**WORK REQUEST**:
A verbatim reproduction of the following listing is required; omit the pictures.

**GIVEN INFORMATION**:

━━━━━━

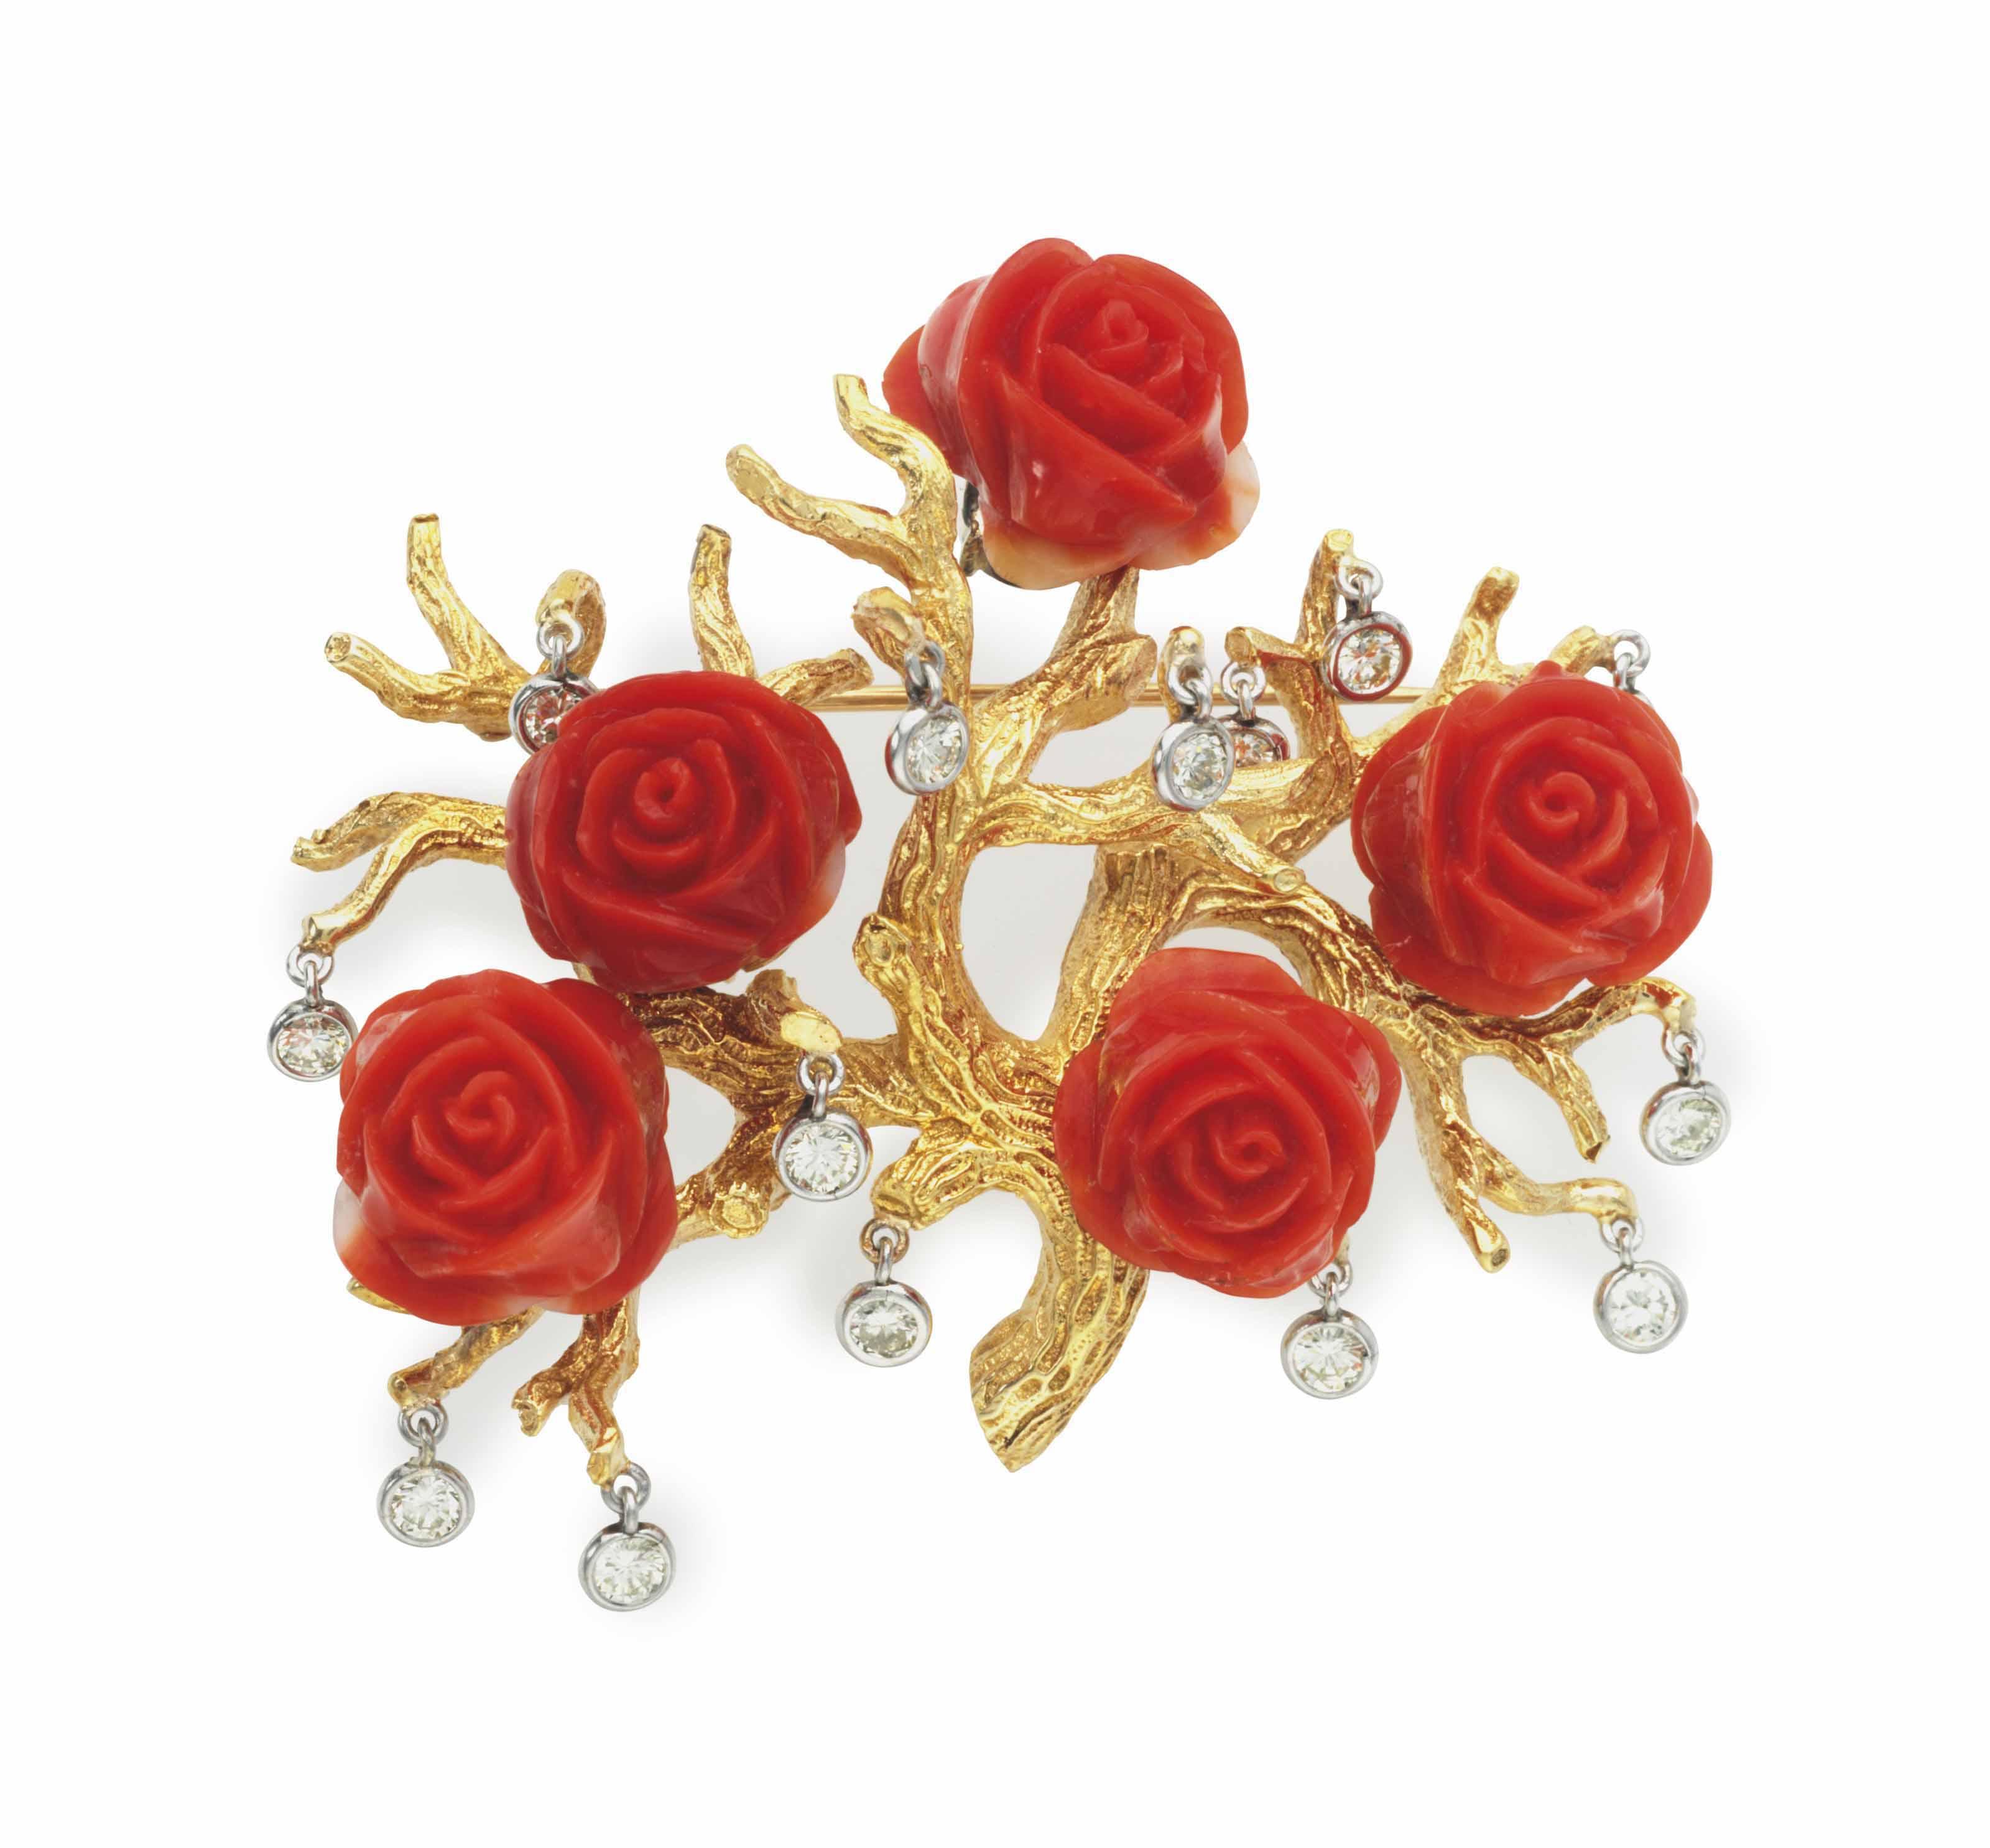 A DIAMOND, CORAL AND GOLD 'ROSE BUSH' PIN
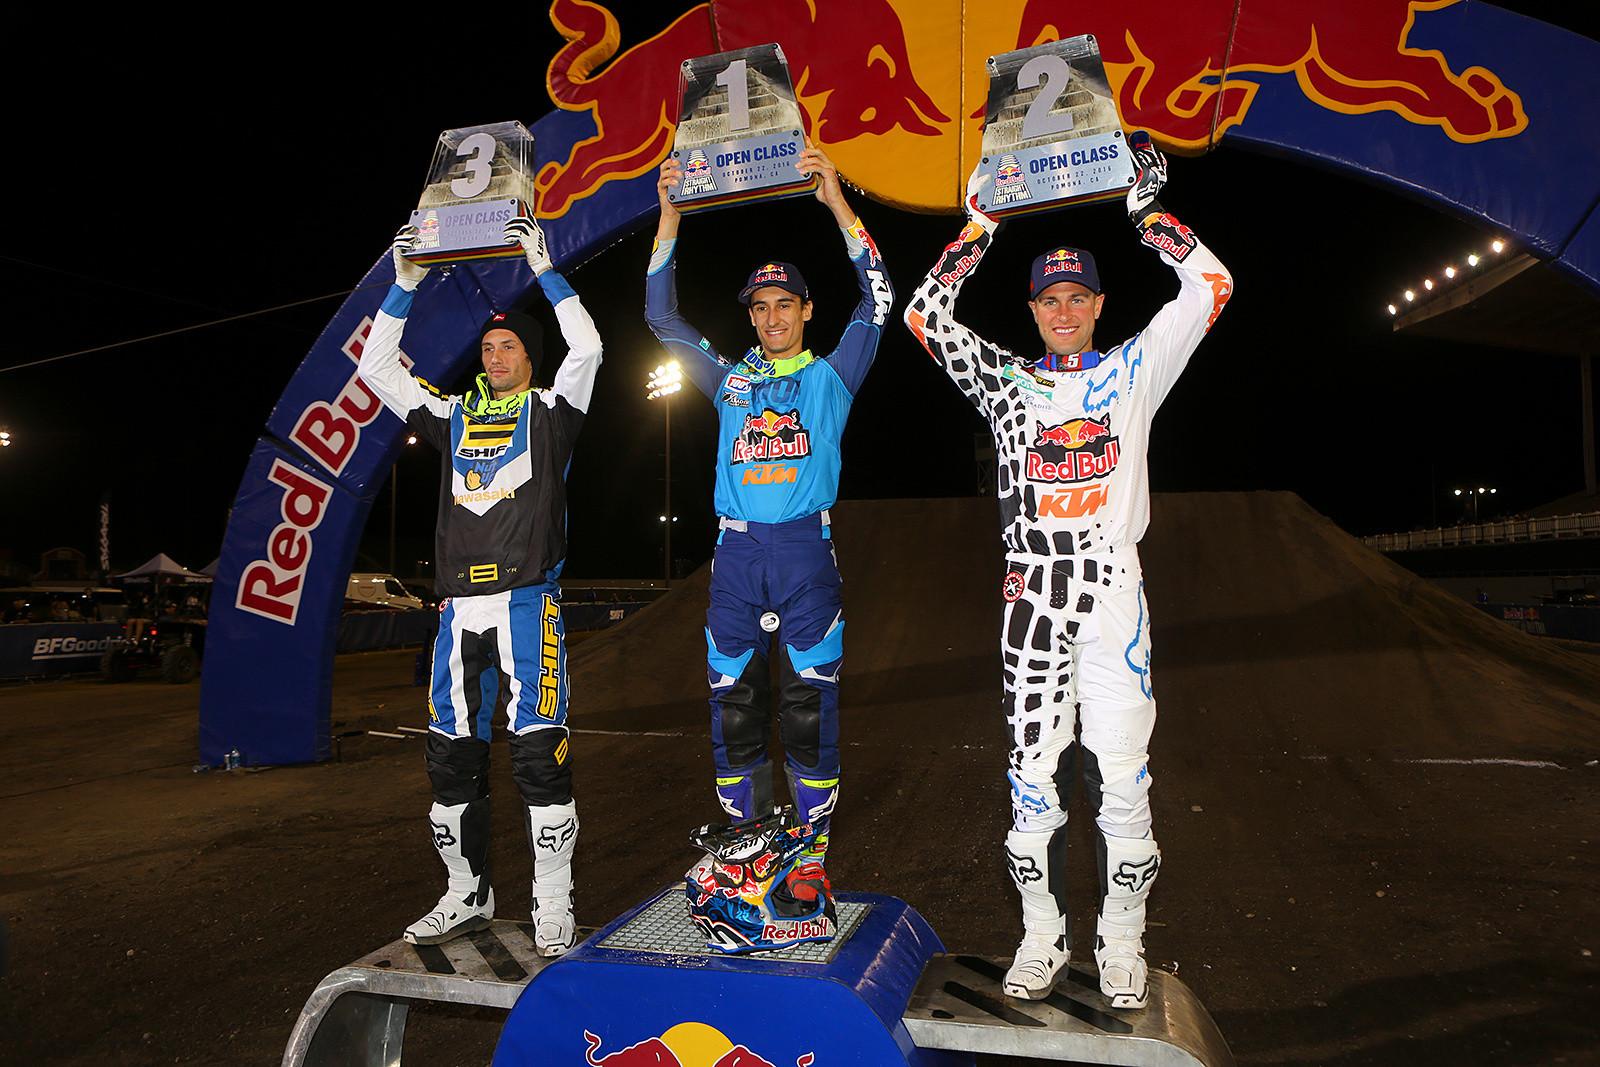 Marvin Musquin (1st), Ryan Dungey (2nd), and Josh Hansen (3rd) - Photo Blast: Red Bull Straight Rhythm - Motocross Pictures - Vital MX
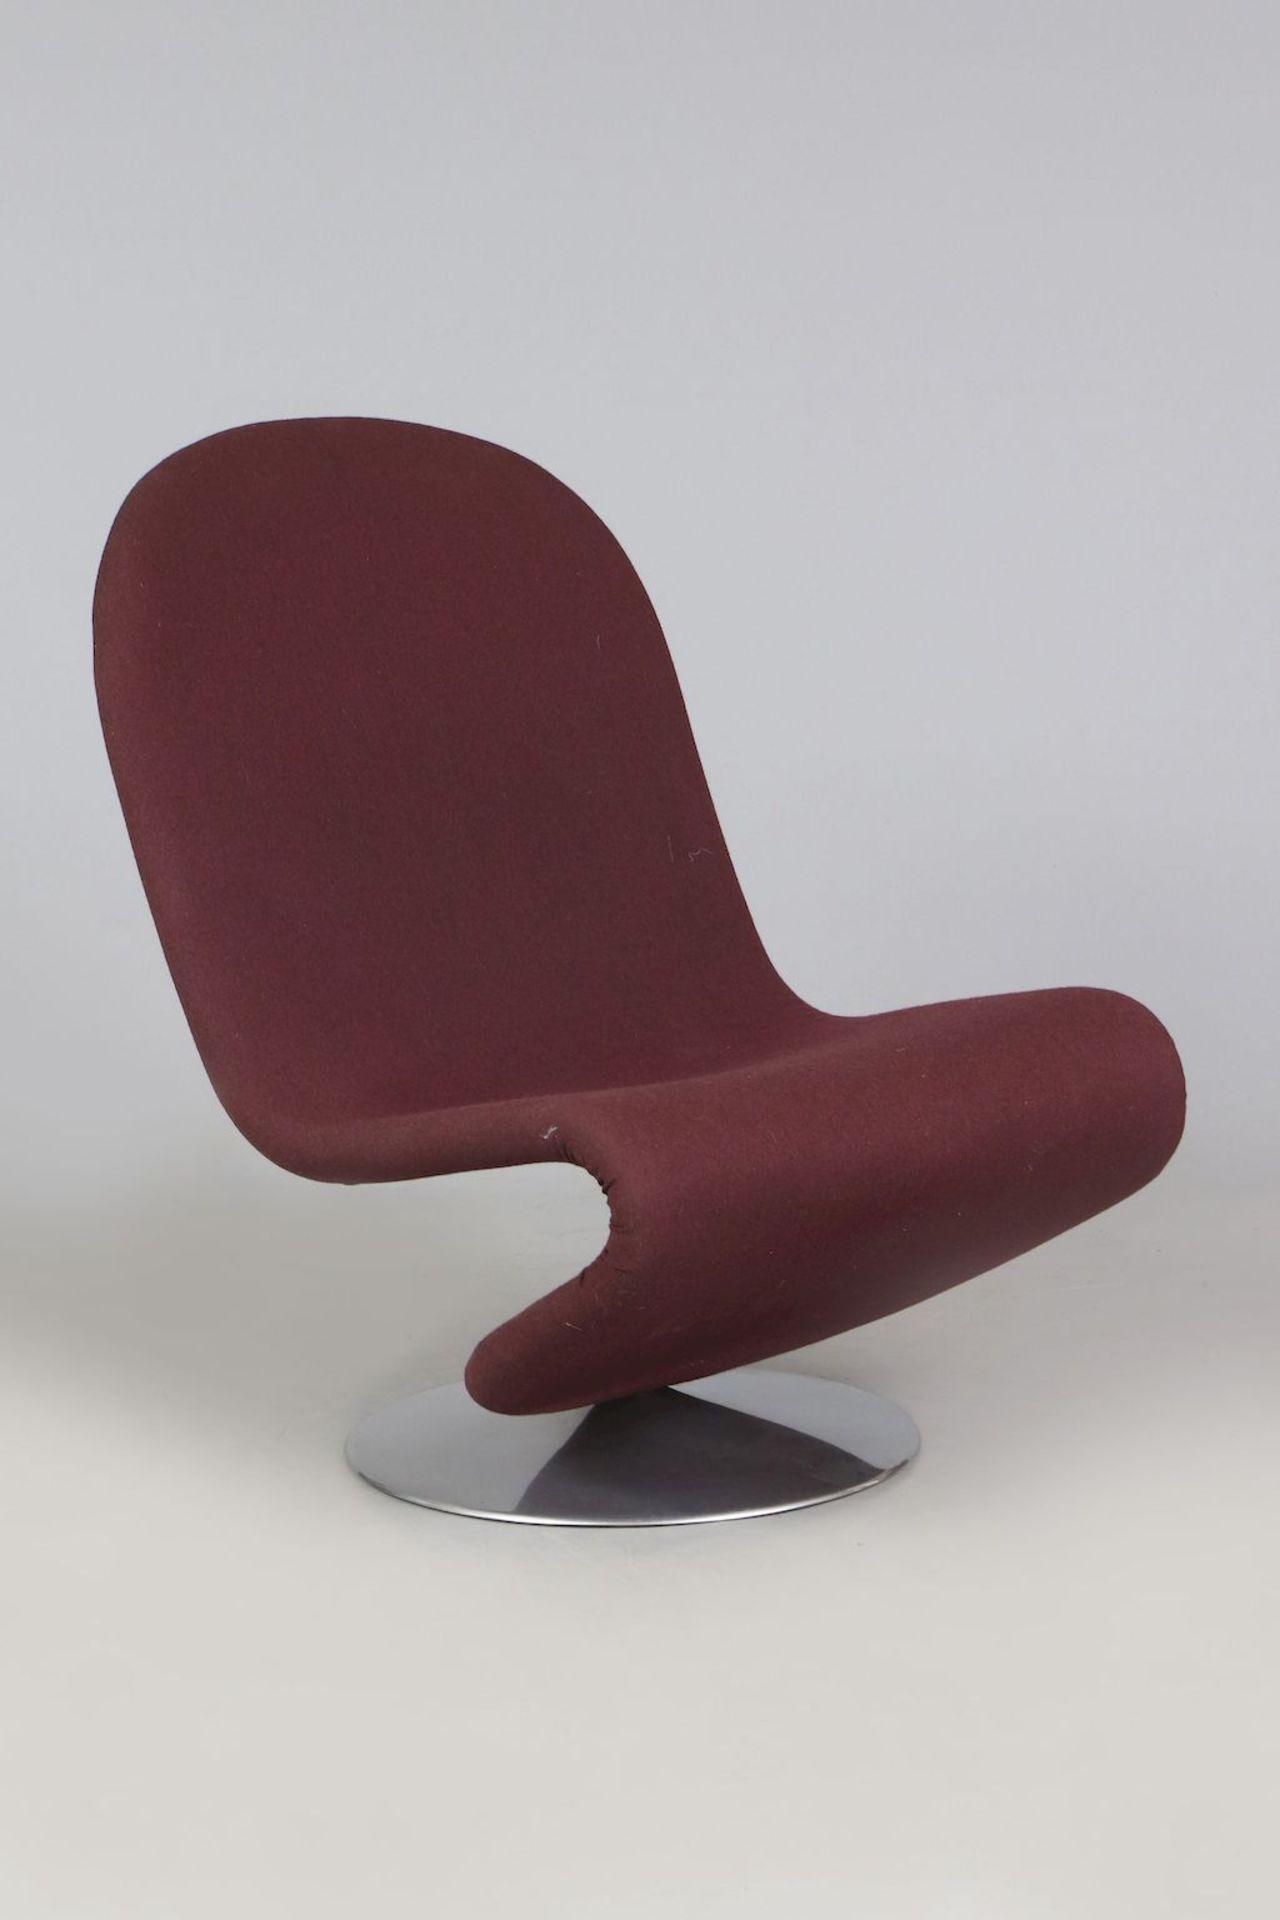 VERNER PANTON 1-2-3 Lounge Chair
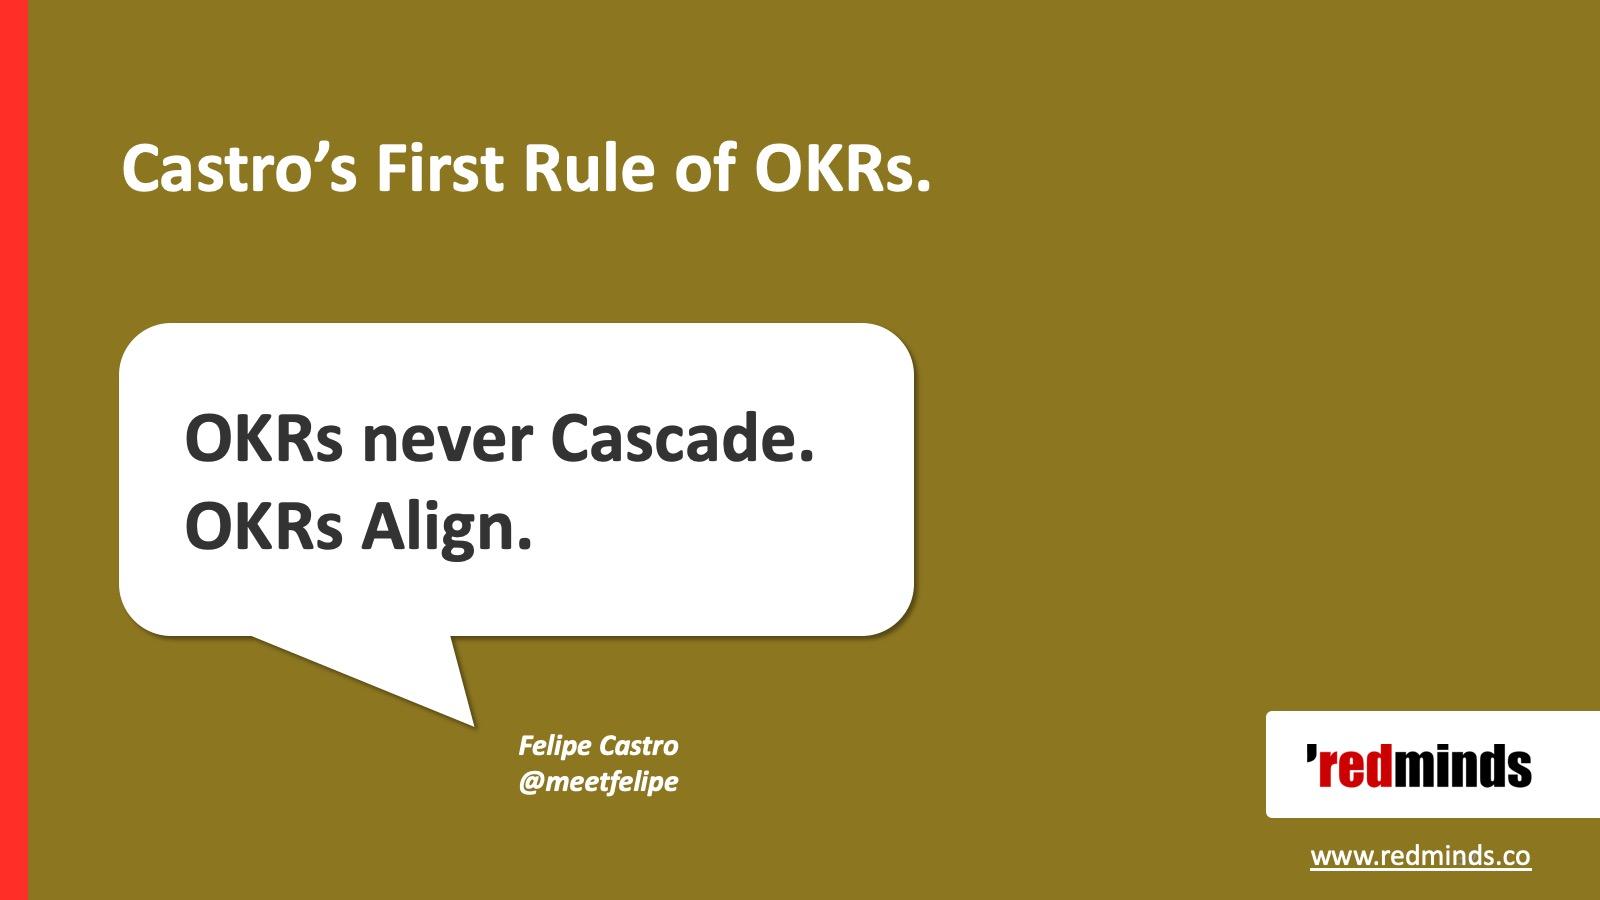 OKRs align.

━━━━━━

**RESULT OF THE EXERCISE**:
 A DIAMOND, CORAL AND GOLD 'ROSE BUSH' PIN
 Marvin Musquin (1st), Ryan Dungey (2nd), and Josh Hansen (3rd) - Photo Blast: Red Bull Straight Rhythm - Motocross Pictures - Vital MX
 VERNER PANTON 1-2-3 Lounge Chair
 OKRs align.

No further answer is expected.